INPUT FOR THIS TASK:
-- Opening Marker --

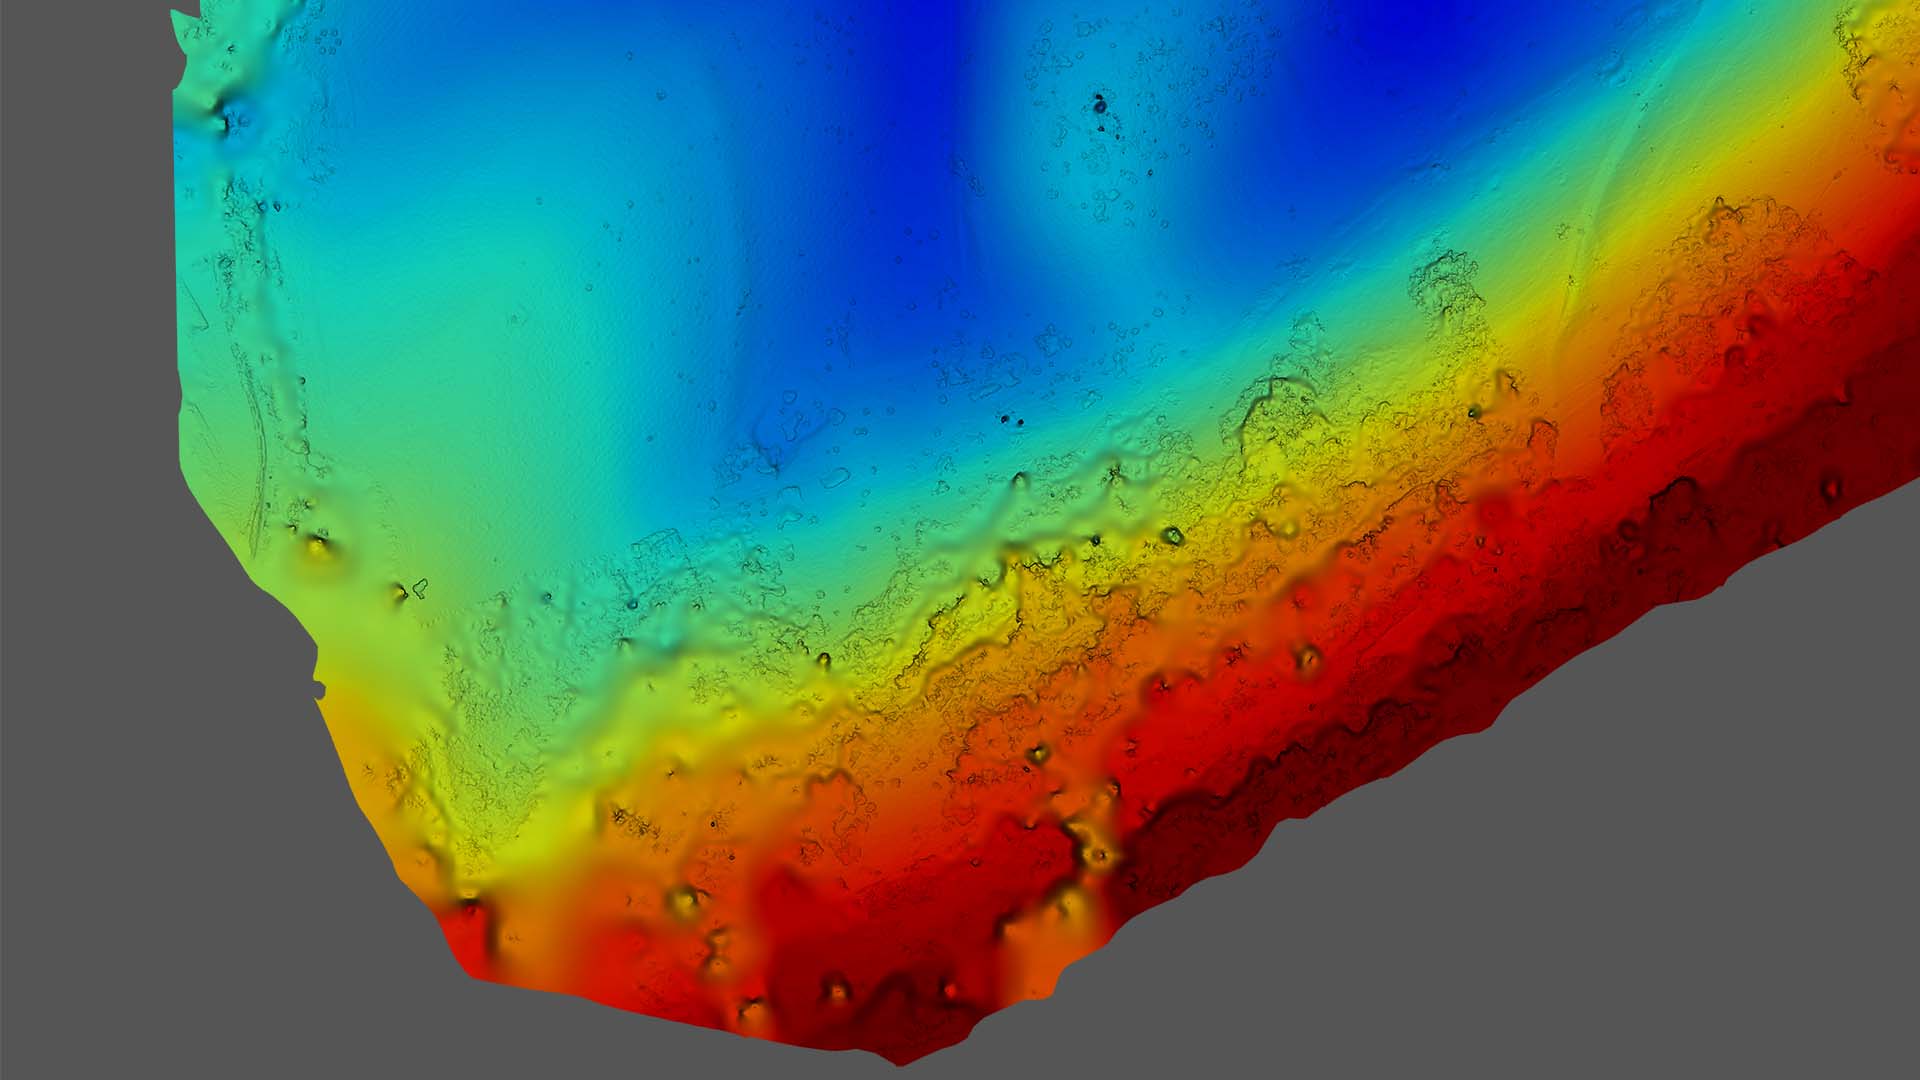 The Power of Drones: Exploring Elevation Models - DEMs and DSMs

-- Closing Marker --
-- Opening Marker --

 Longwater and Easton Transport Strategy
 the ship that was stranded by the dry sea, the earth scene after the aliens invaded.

-- Closing Marker --
-- Opening Marker --

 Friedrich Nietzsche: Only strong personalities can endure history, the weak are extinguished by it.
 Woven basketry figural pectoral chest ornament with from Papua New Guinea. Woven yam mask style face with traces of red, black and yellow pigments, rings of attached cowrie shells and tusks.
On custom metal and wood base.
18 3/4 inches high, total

-- Closing Marker --

Set down again, word for word, the stretch of records from the line with "Longwater and Easton Transport Strategy" to the line with "the ship that", both of those lines included.

 Longwater and Easton Transport Strategy
 the ship that was stranded by the dry sea, the earth scene after the aliens invaded.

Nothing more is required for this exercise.